====== PROVIDED MATERIAL
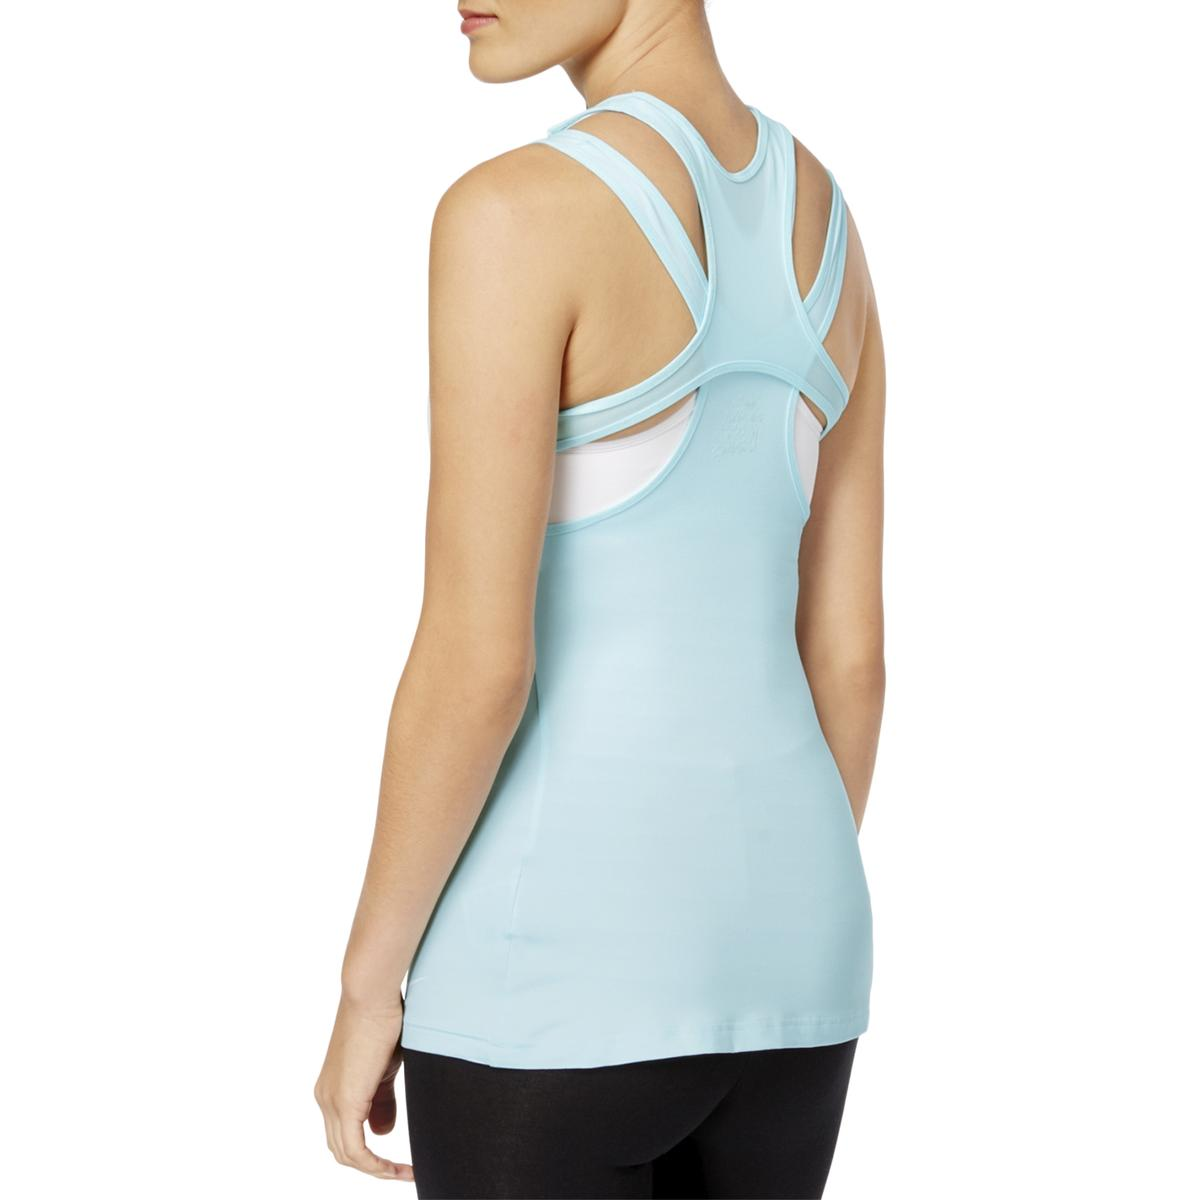 Athletic Bhfo tirantes Fitness Camiseta Nike de Womens 5376 Mesh Racerback nS08Sq6vTg
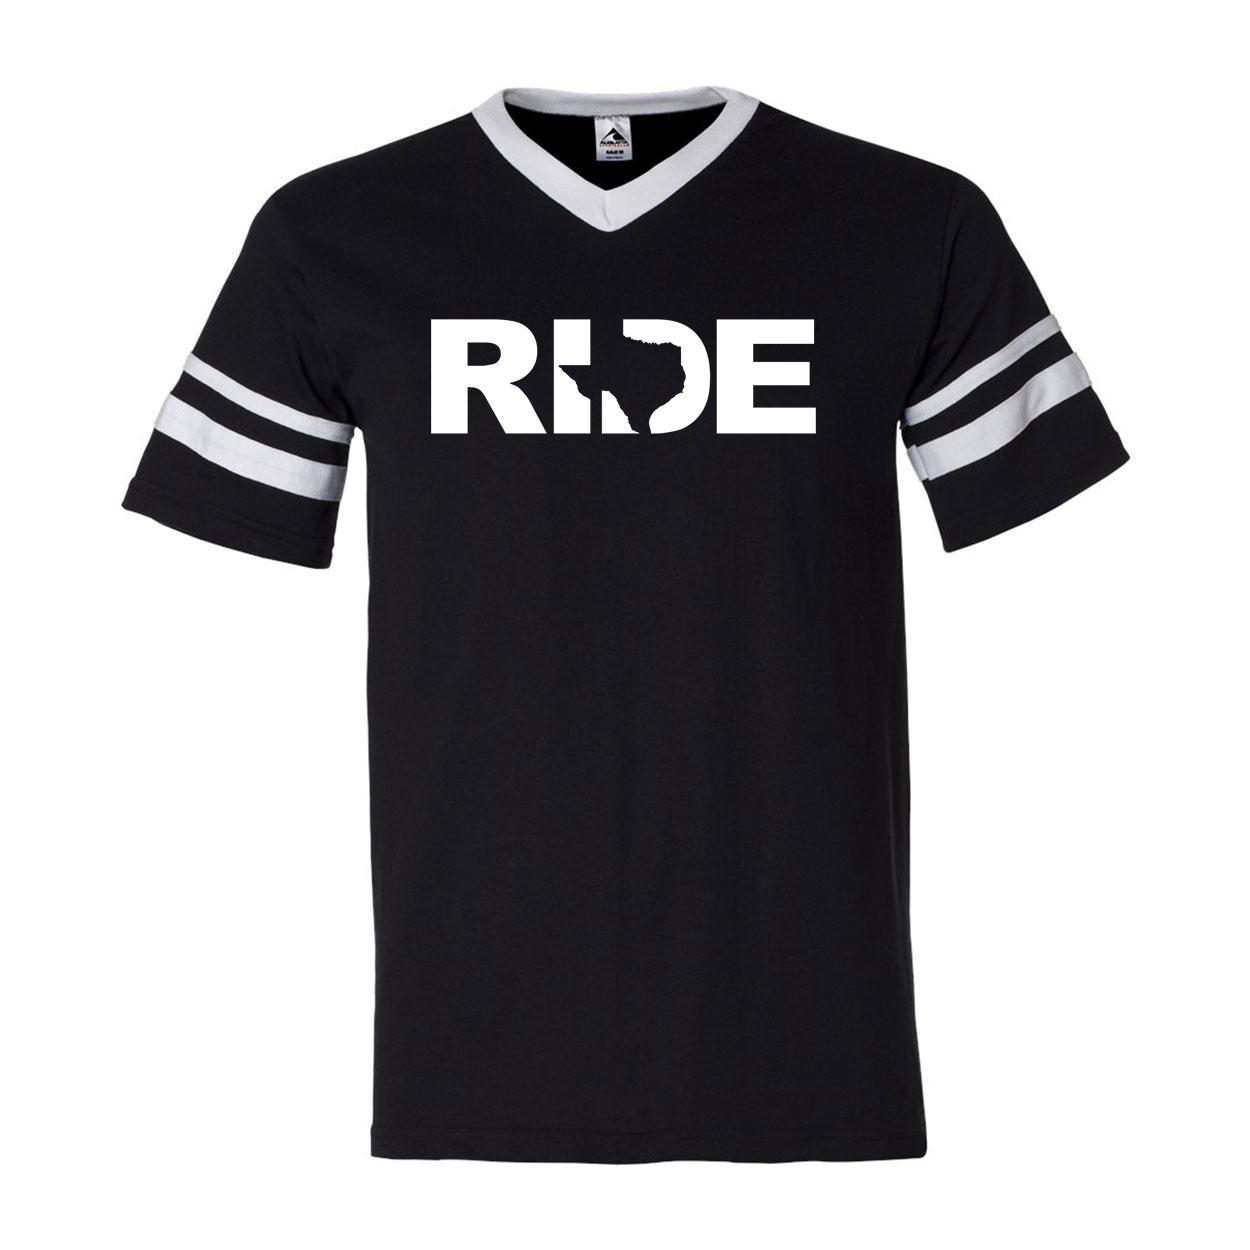 Ride Texas Classic Premium Striped Jersey T-Shirt Black/White (White Logo)
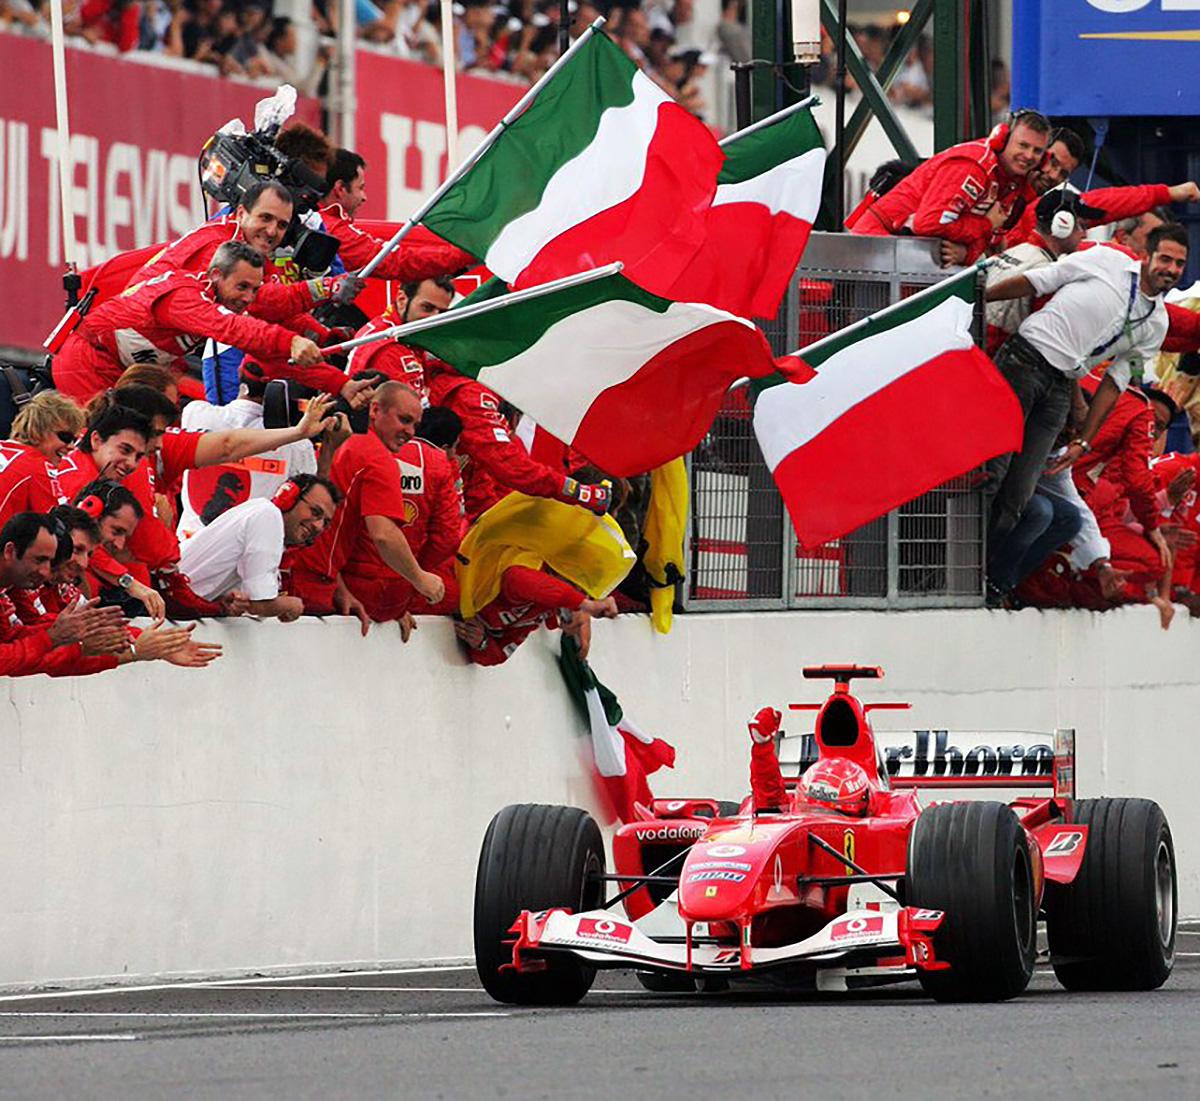 2004 Michael Schumacher Japanese Grand Prix Race Winning Ferrari F1 Gloves Racing Hall Of Fame Collection
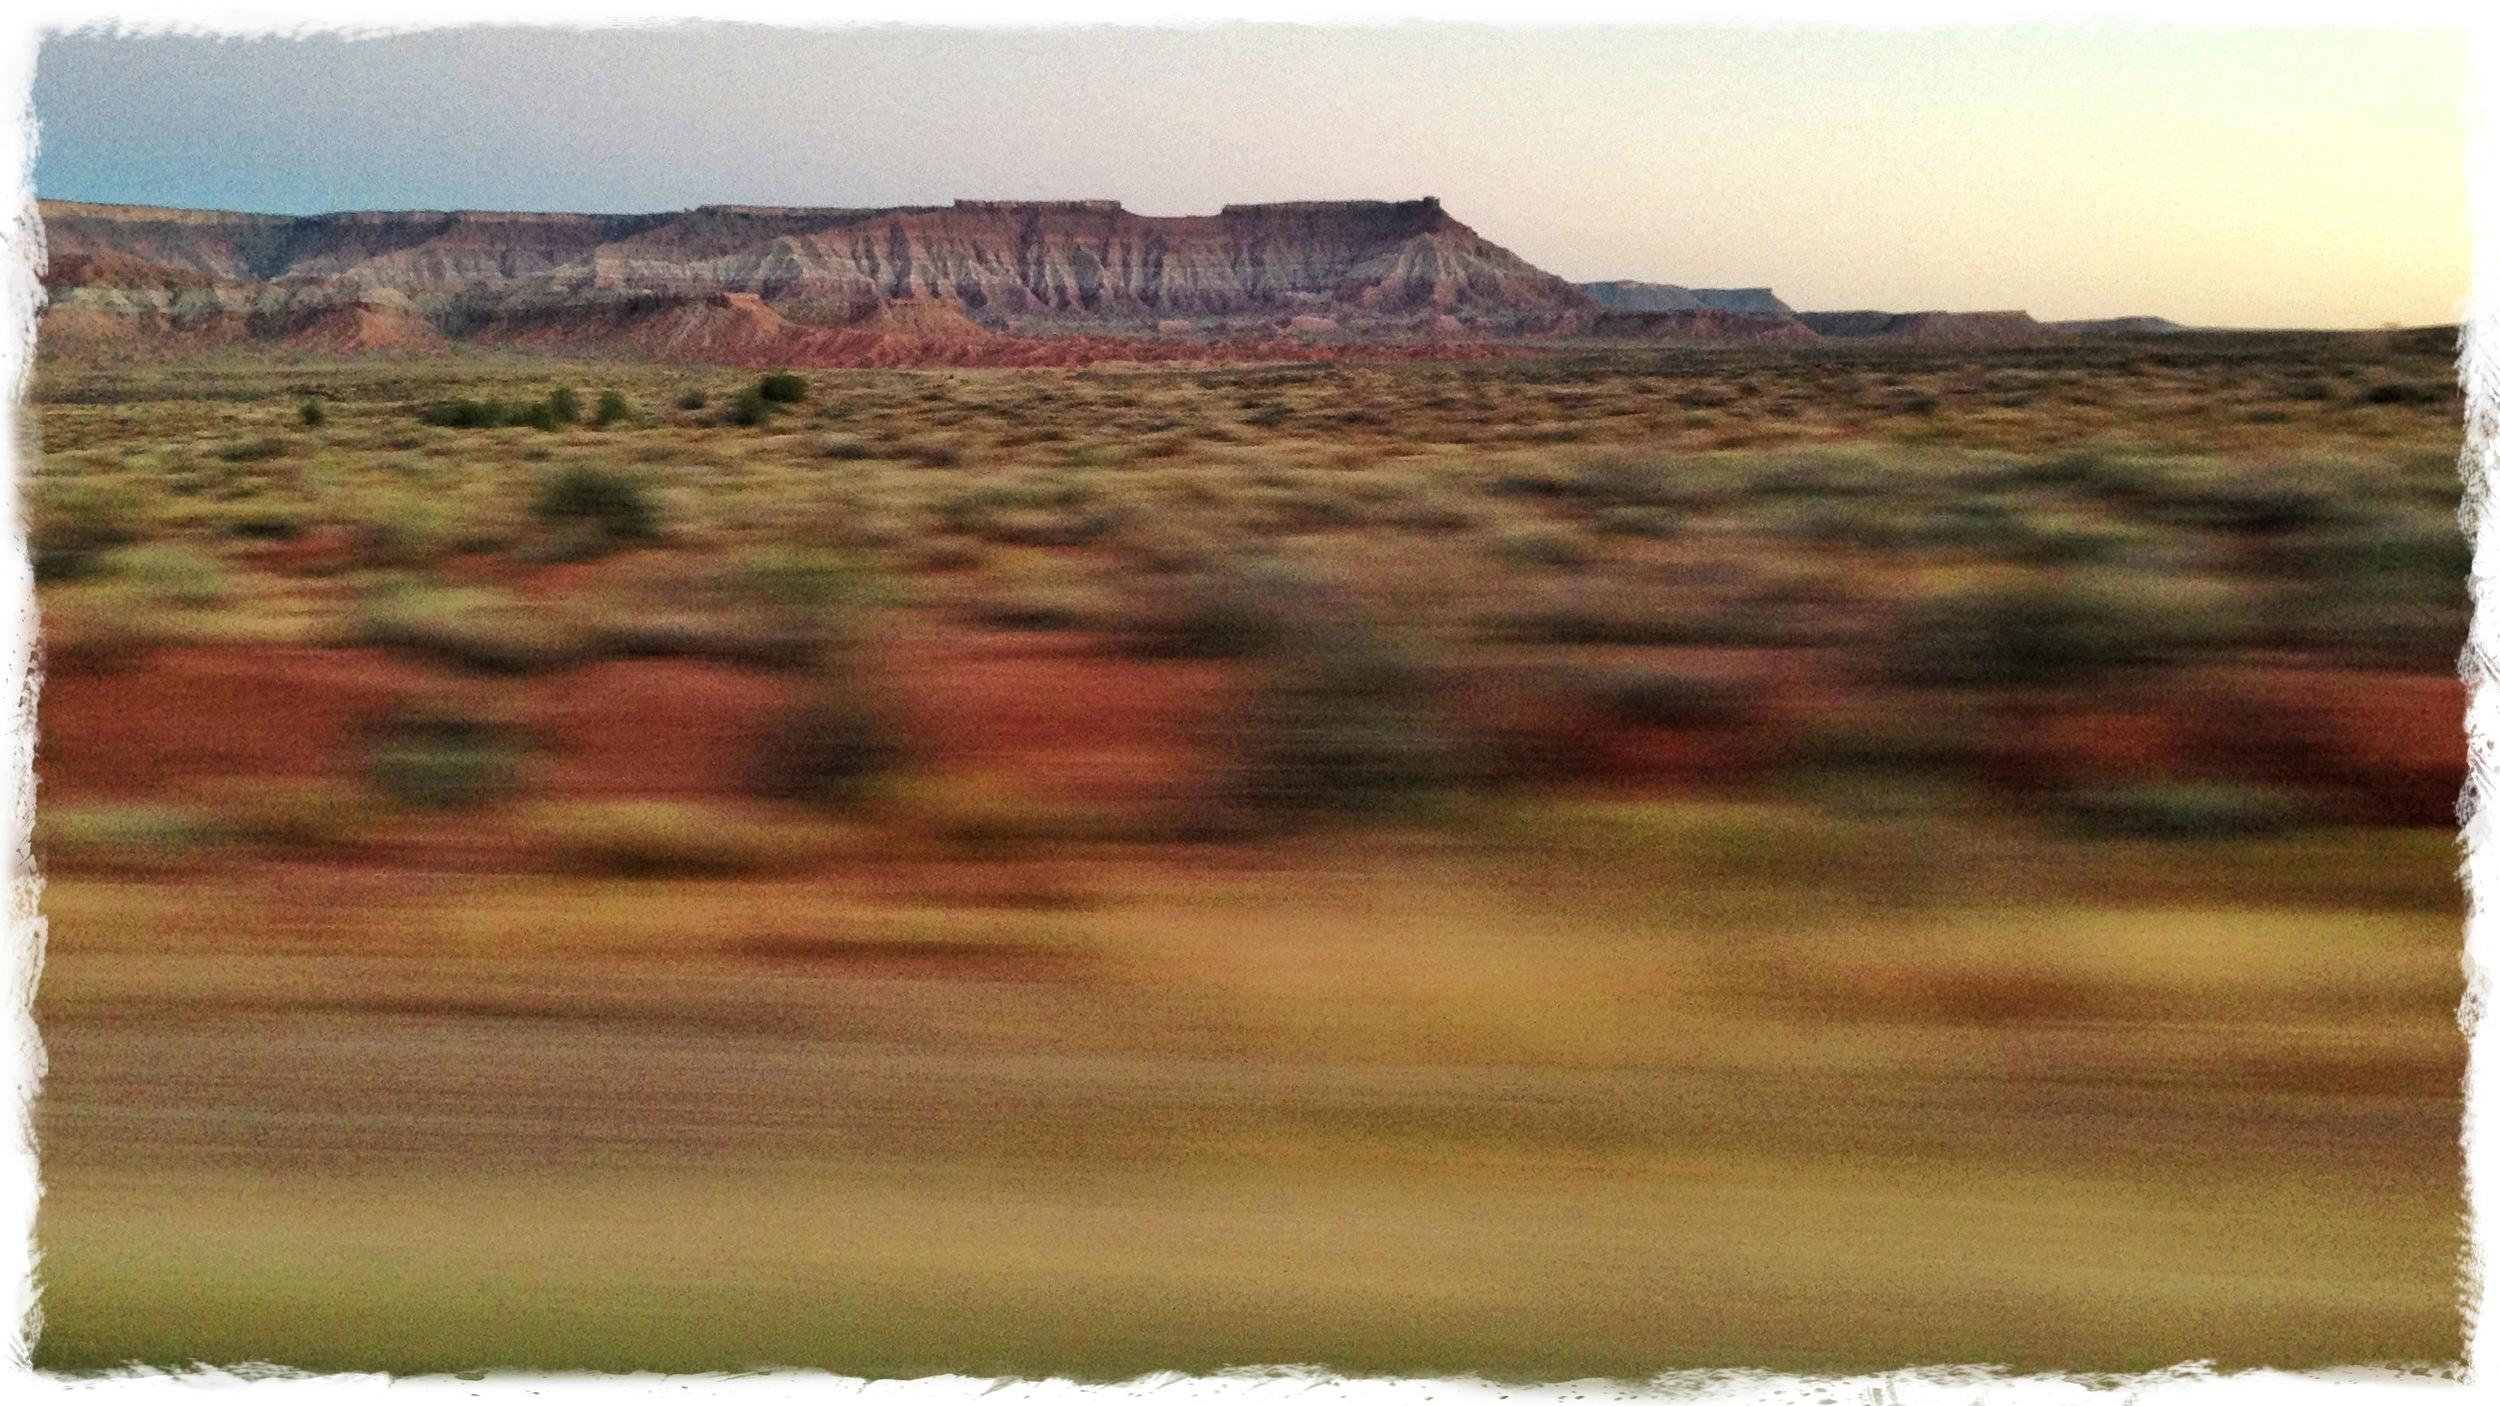 Zion National Park, Utah. Road Trip. Wasim Muklashy Photography
============
TASK OBJECTIVE =>
I'd like the material repeated word for word, without the pictures it holds.

REPLY TO THE TASK =>
 Athletic Bhfo tirantes Fitness Camiseta Nike de Womens 5376 Mesh Racerback nS08Sq6vTg
 Ride Texas Classic Premium Striped Jersey T-Shirt Black/White (White Logo)
 2004 Michael Schumacher Japanese Grand Prix Race Winning Ferrari F1 Gloves Racing Hall Of Fame Collection
 Zion National Park, Utah. Road Trip. Wasim Muklashy Photography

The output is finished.